1 is a schematic cross-sectional view showing a polishing apparatus according to one embodiment. It is a schematic cross section which shows the conventional grinding | polishing apparatus.

  DESCRIPTION OF EMBODIMENTS Embodiments for carrying out the present invention will be described with reference to the drawings.

  FIG. 1 shows a polishing apparatus according to an embodiment, and a rotating shaft integral with a polishing tool 1 has a hollow portion 1a. The bearing for rotating and supporting the rotating shaft of the polishing tool 1 is an M housing in which bearings 2a and 2b, a polishing liquid introduction hole 3 constituting a polishing liquid supply means, and liquid introduction holes 4a and 4b constituting a liquid supply means are formed. 5. The polishing tool 1 is rotationally driven by a rotary motor 7 through a coupling 6. The M housing 5 is disposed with a gap 8 a between the rotating shaft of the polishing tool 1. The gap 8a is 3 to 25 μm. An S housing 10 is disposed at the lower end of the M housing 5 via an O-ring 9. Similar to the M housing 5, the S housing 10 is arranged with a gap 8 b between the rotating shaft of the polishing tool 1 and includes a liquid introduction hole 4 c. The gap 8b is 3 to 15 μm.

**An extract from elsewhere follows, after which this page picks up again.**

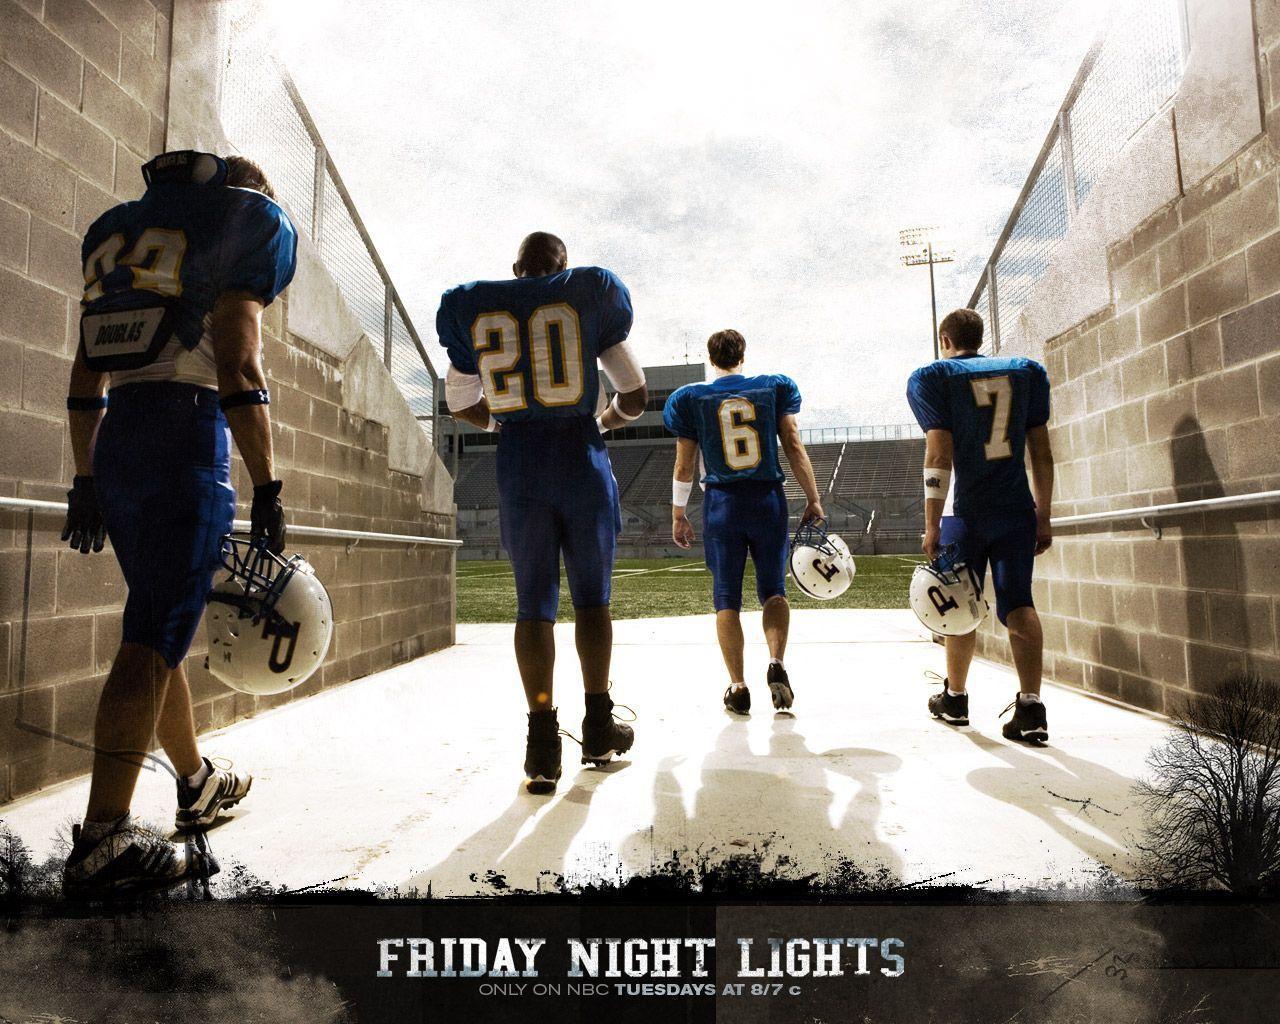 Friday Night Lights Wallpaper

  The tip diameter of the polishing tool 1 is φ30 mm.

  The polishing liquid 11 is obtained by mixing fine particles of cerium oxide with pure water as a solvent.

  The polishing liquid 11 is sent from the polishing liquid tank 13 to the polishing liquid introduction hole 3 formed in the M housing 5 by the polishing liquid pump 12. A polishing liquid pressure gauge 14 is installed in the flow path to measure the supply pressure of the polishing liquid 11.

  The liquid 16 is pure water which is the same liquid as the solvent of the polishing liquid 11, and the liquid introduction holes 4 a, 4 b, 4 c formed in the M housing 5 and the S housing 10 from the liquid tank 18 by the polishing liquid pump 17. Sent to. A liquid pressure gauge 19 is installed in the flow path to measure the supply pressure of the liquid 16.

  The liquid 16 sent to the liquid introduction holes 4a, 4b, and 4c is filled in the clearances 8a and 8b between the rotating shaft of the polishing tool 1 and the M housing 5 and the S housing 10, and sealed by the O-ring 20 and the O-ring 9. Is done.

  The polishing liquid introduction hole 3 communicates with the gap 8a of the M housing 5, and the polishing liquid 11 is introduced into the hollow part 1a through four connecting holes 21 which are communication parts formed on the side surface of the rotating shaft of the polishing tool 1. Then, it is supplied to the pressure contact portion 23 between the polishing tool 1 and the workpiece 22.

The polishing liquid 11 that has become unnecessary and has flowed into the container 24 is collected in the polishing liquid drain tank 25.
The differential pressure control device 26 takes in the pressure measurement values from the polishing liquid pressure gauge 14 and the liquid pressure gauge 19, calculates the pressure difference, and sets the polishing liquid pump control apparatus 27 and the liquid pump so that the pressure difference described later is obtained. Commands are issued to both control devices 28. Furthermore, it controls both starting and stopping of both the polishing liquid pump control device 27 and the liquid pump control device 28.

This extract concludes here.